Nowhere was this more evident in the "connected
home" zone of the world's biggest technology show.
'Android oven'
Samsung, the South Korean tech giant, showed a connected
refrigerator which can stream music from a smartphone, while US appliance maker
Dacor unveiled what it called the "first Android oven", with a panel
to check e-mails and the web.
US appliance maker Whirlpool showed its line-up of smart
appliances which can send a user a text message when the laundry is done.
Whirlpool's refrigerator can also stream music through an app, enabling a host
to set a playlist for each course of a dinner party, for example.
"You don't need to be friends on Facebook with your
fridge, but it makes its use easier," quipped Warwick Stirling,
Whirlpool's senior director of energy and sustainability.
South Korea's LG offered an integrated solution: one
smartphone app which can remotely turn on a robotic vacuum or washing machine,
or monitor something cooking in the oven.
An LG refrigerator, equipped with a touchscreen panel, can
deliver a shopping list to your smartphone wirelessly, provided that the
database is created in the appliance.
"You can control your life with a smartphone,"
said LG's Lisa Hutchenson.
Water plants
French-based firm Parrot and Korea's Moneual each showed off
an app to allow smartphone users to keep their home plants watered, using a
sensor which transmits information on temperature, light and humidity and
alerts people when the plants are thirsty.
The home thermostat, locks and lighting can be controlled
with an app developed by Ingersoll Rand.
"The phone can be your remote control for your
house," said Matt McGovren, marketing manager for the maker of home
equipment.
"Everything will be connected, even things not
generally associated with smartphones, like locks."
In the car, drivers can mimic their key fob functions to
control their car, track, locate and monitor their vehicles with an app from
Delphi Automotive, shown at CES.
And Ford and General Motors announced at CES that they will
be launching efforts to help app developers create programs which be used in
vehicles, some of which already can play streaming movies or music from mobile
devices.
"Up to now, radio was the only entertainment in the
car," said Thomas Sonnenrein, of the German equipment maker Bosch.

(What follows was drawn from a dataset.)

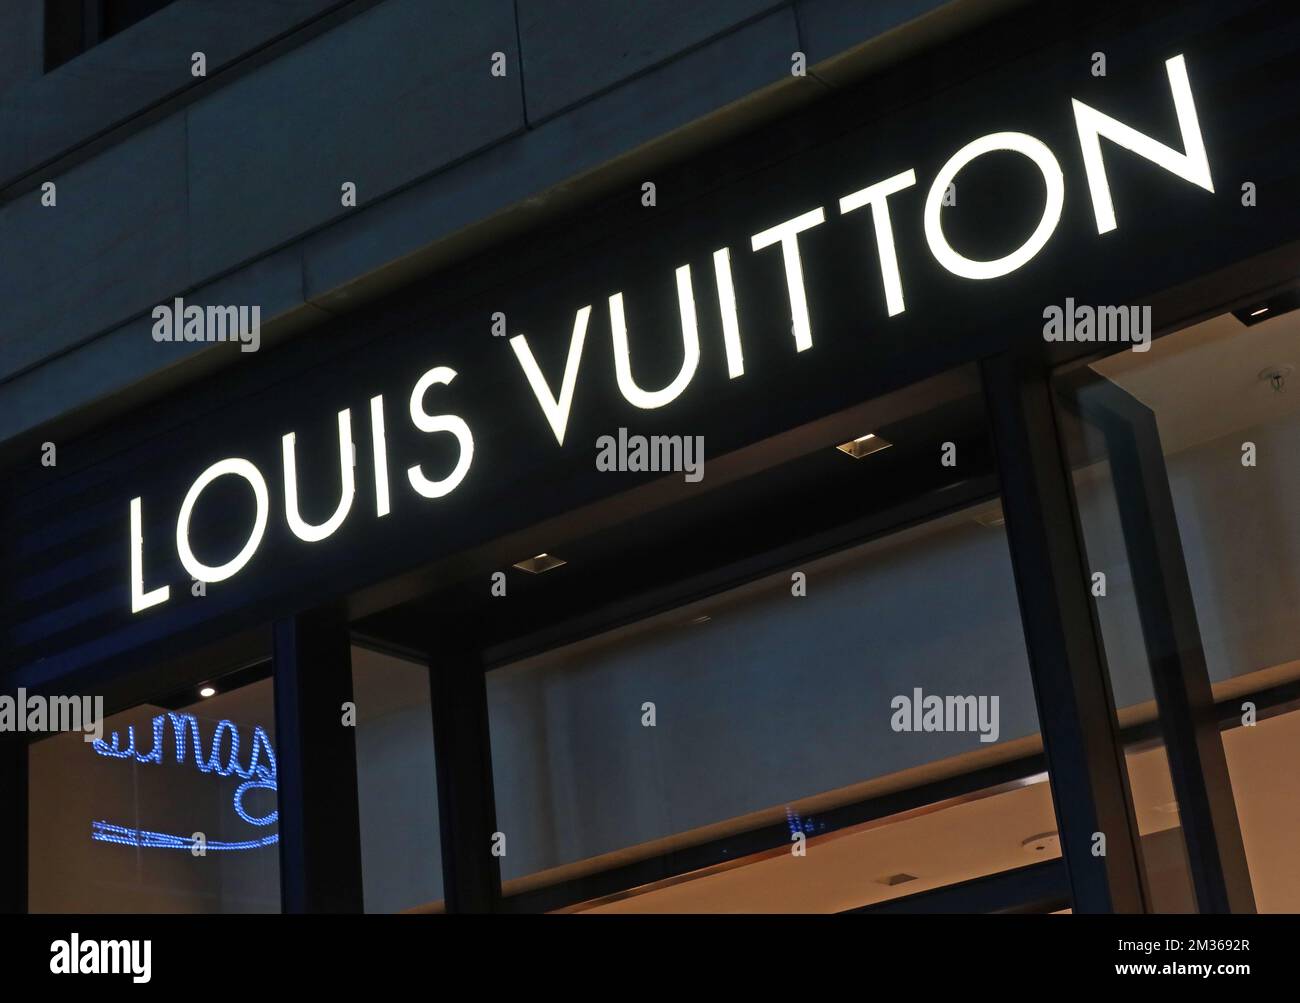 Browsing Louis Vuitton Women's Shoe Section Bloomingdale's LV store :  r/Louisvuitton

"Today we have a system shared with the Internet, the
smartphone and the car" which "creates a lot of value".
Health
The health segment is exploding with apps which can monitor
heart rate, blood sugar, distance travelled by runners and many other things
seen in the CES fitness tech zone.
The integration of the television and smartphone was a major
focus at CES, with numerous smart TVs sharing with mobile phones and tablets.
Not to mention the simple use of the device as a remote TV control.
Shawn DuBravac, chief economist at the Consumer Electronics
Association, told the CES opening session that 65% of time spend on smartphones
now is "non communication activities" such as apps for health, entertainment
or other activities.
"We have moved away not only from telephony but from
communications being the primary part of these devices," he said.
"So it is not just a communications device, it is a
hardware hub around which people build services... the smartphone is becoming
the viewfinder for your digital life."